[Start of Attachment]

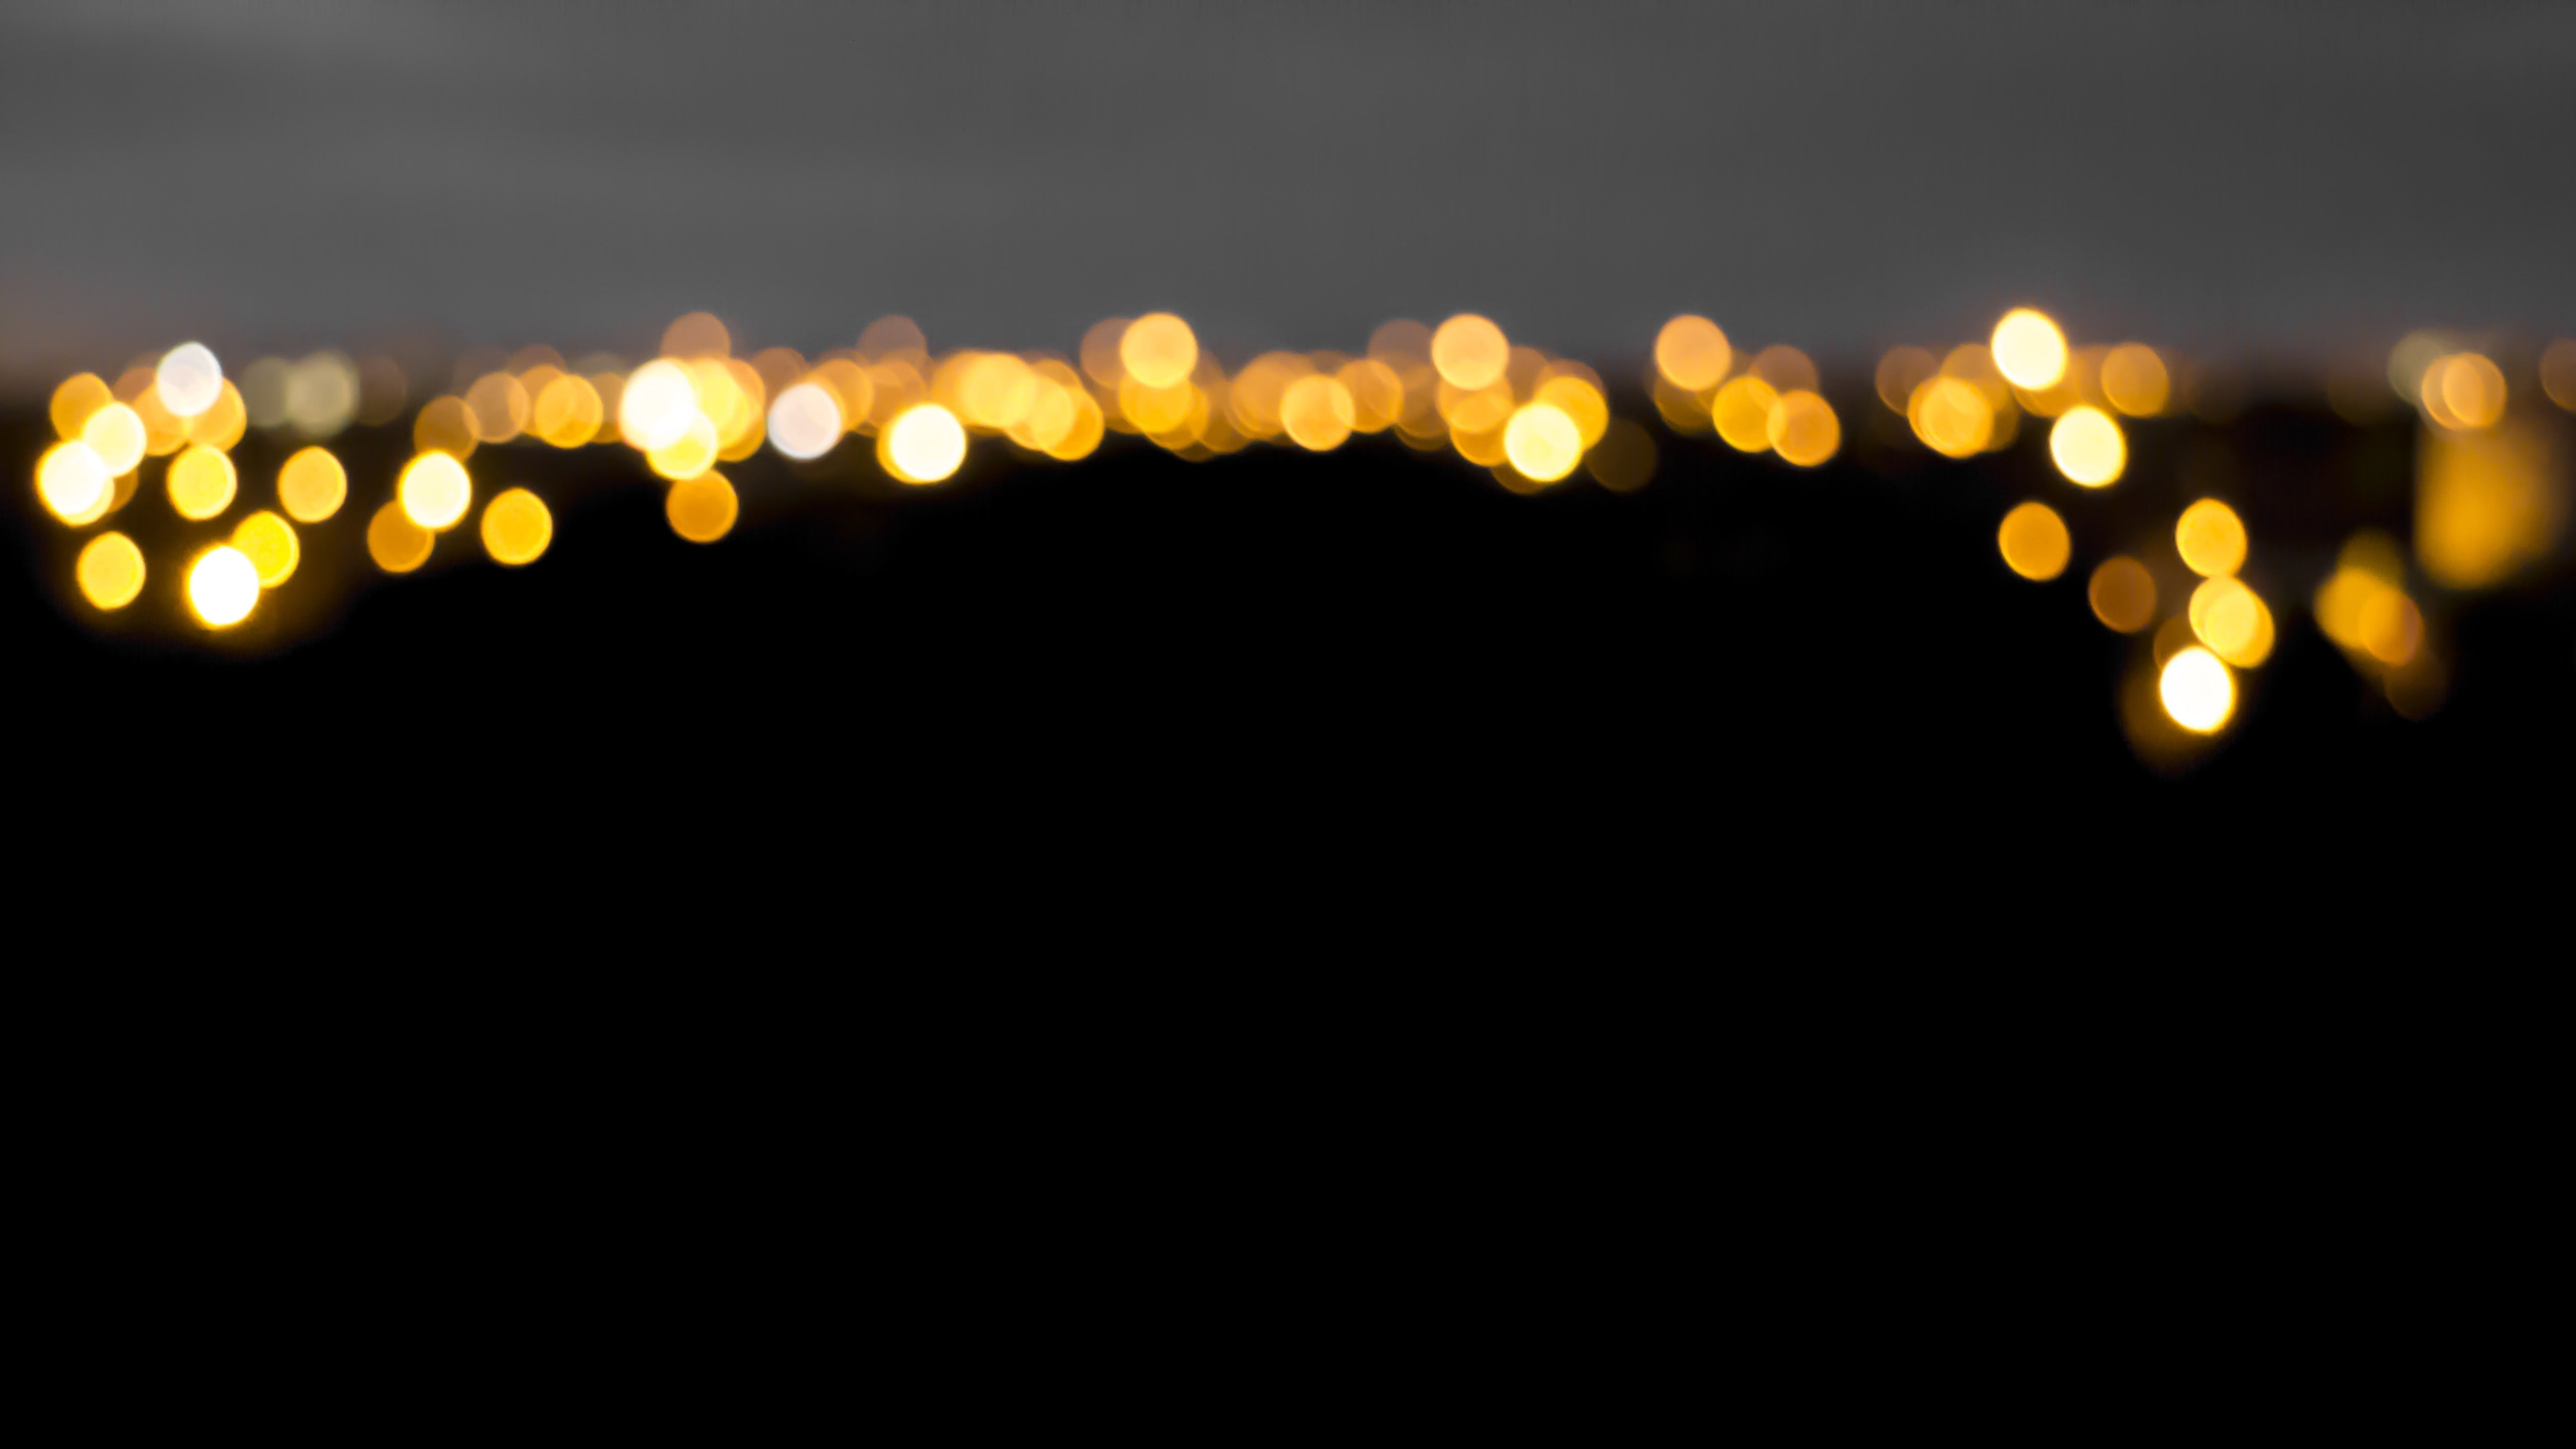 bokeh photography of yellow lights, dusk, city lights, illuminated
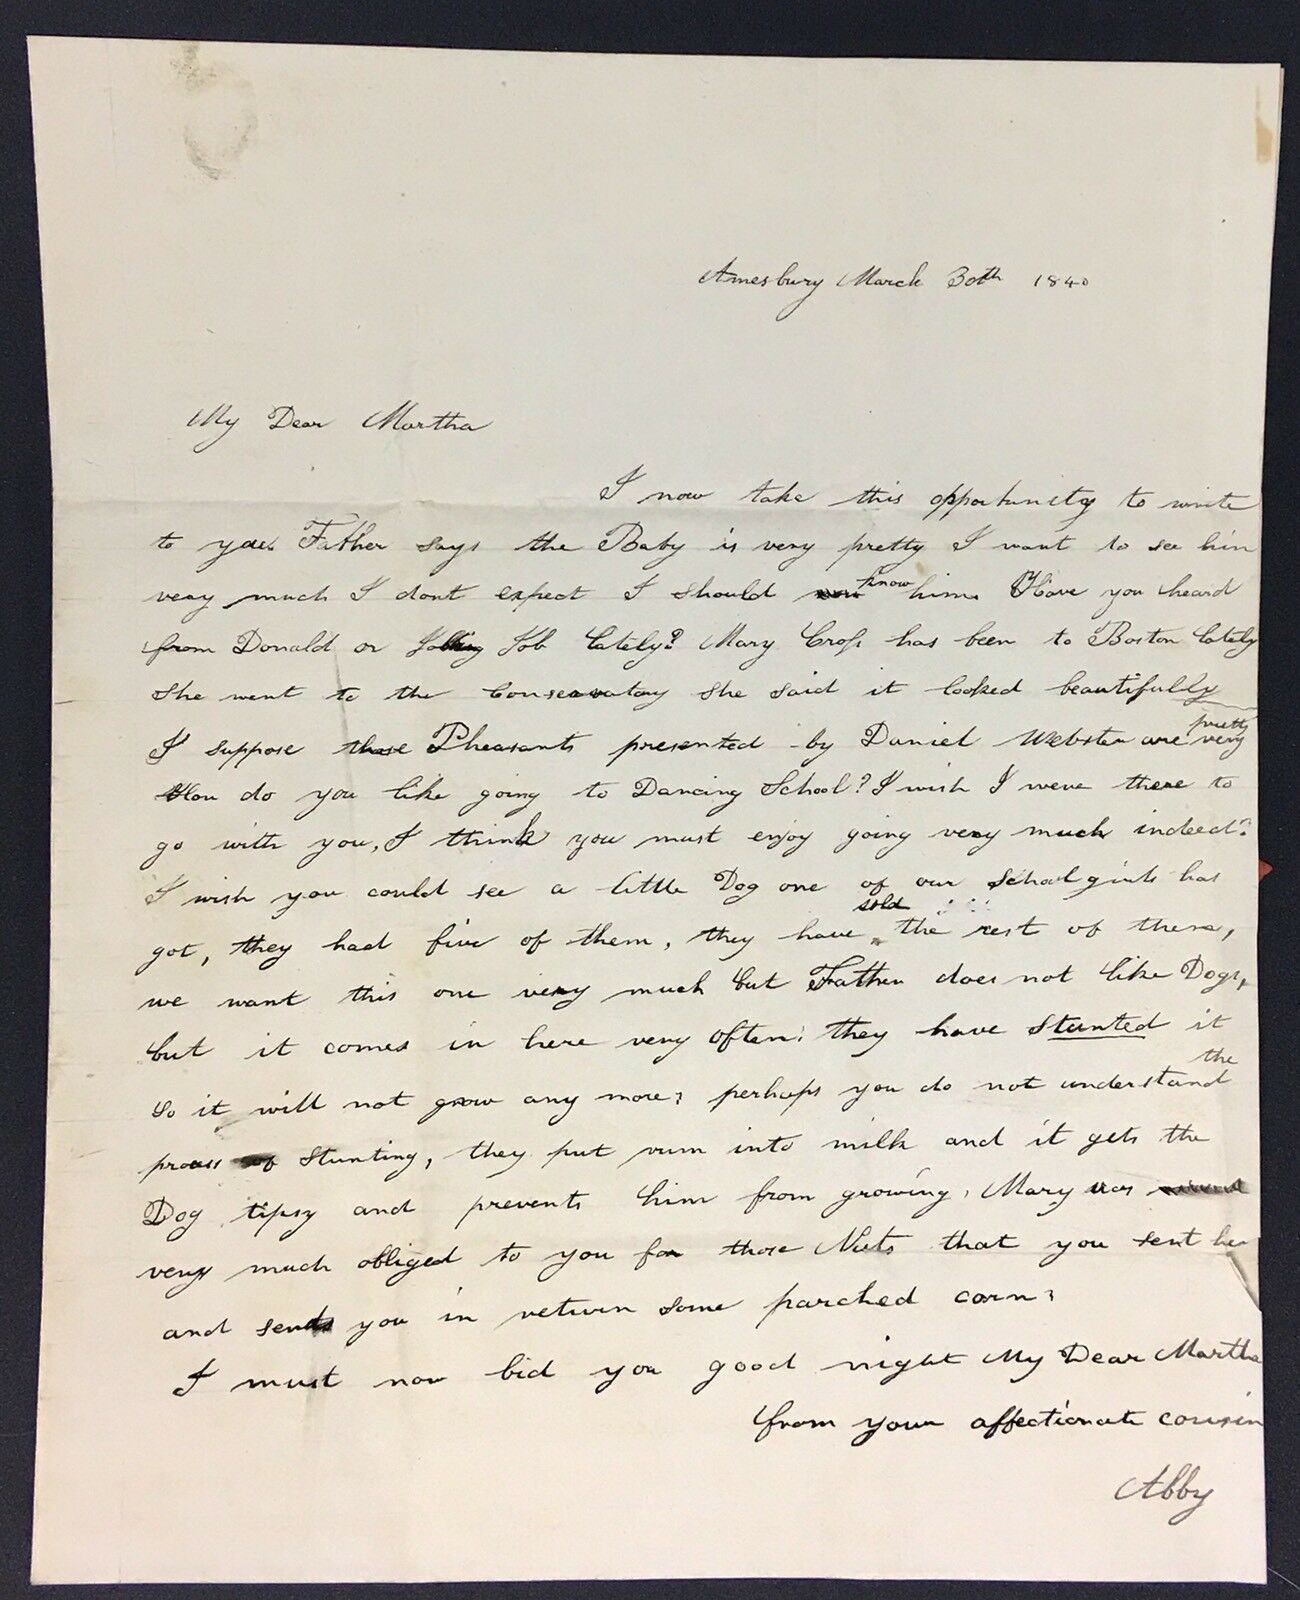 1840 Handwritten Letter Martha Kuhn, Gives Her Dog Rum In Milk To Make It Tipsy
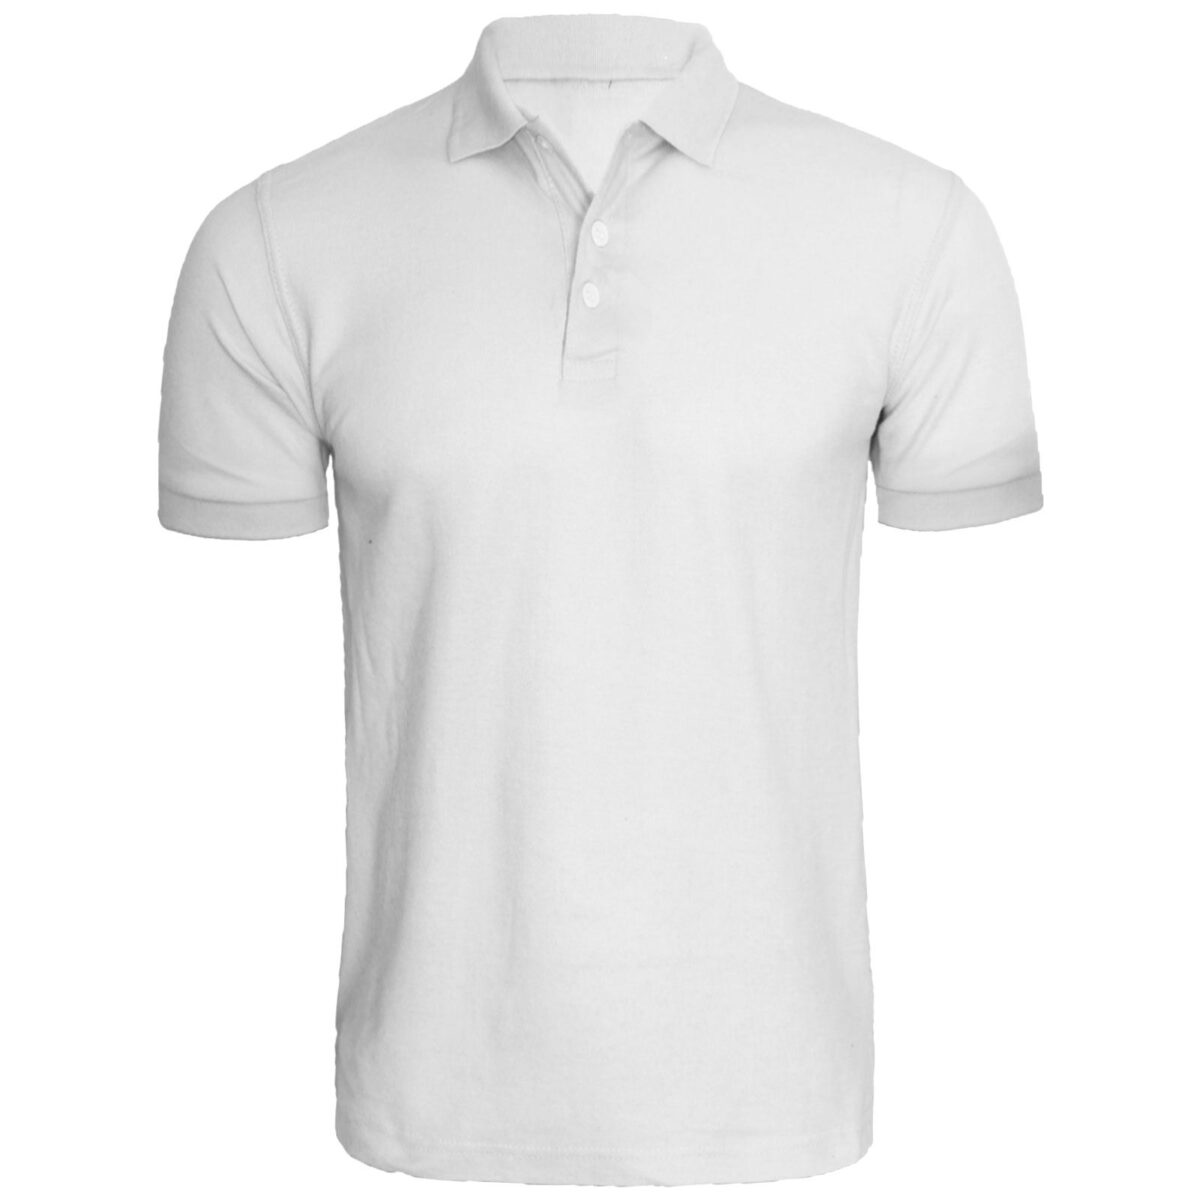 Wholesale Men Plain White Polo Shirts 1

[End of Attachment]

ABOUT THIS EXERCISE: Nothing but the pictures should be left out when the listing is repeated exactly.

ANSWER TO THIS EXERCISE:
 bokeh photography of yellow lights, dusk, city lights, illuminated
 1840 Handwritten Letter Martha Kuhn, Gives Her Dog Rum In Milk To Make It Tipsy
 Wholesale Men Plain White Polo Shirts 1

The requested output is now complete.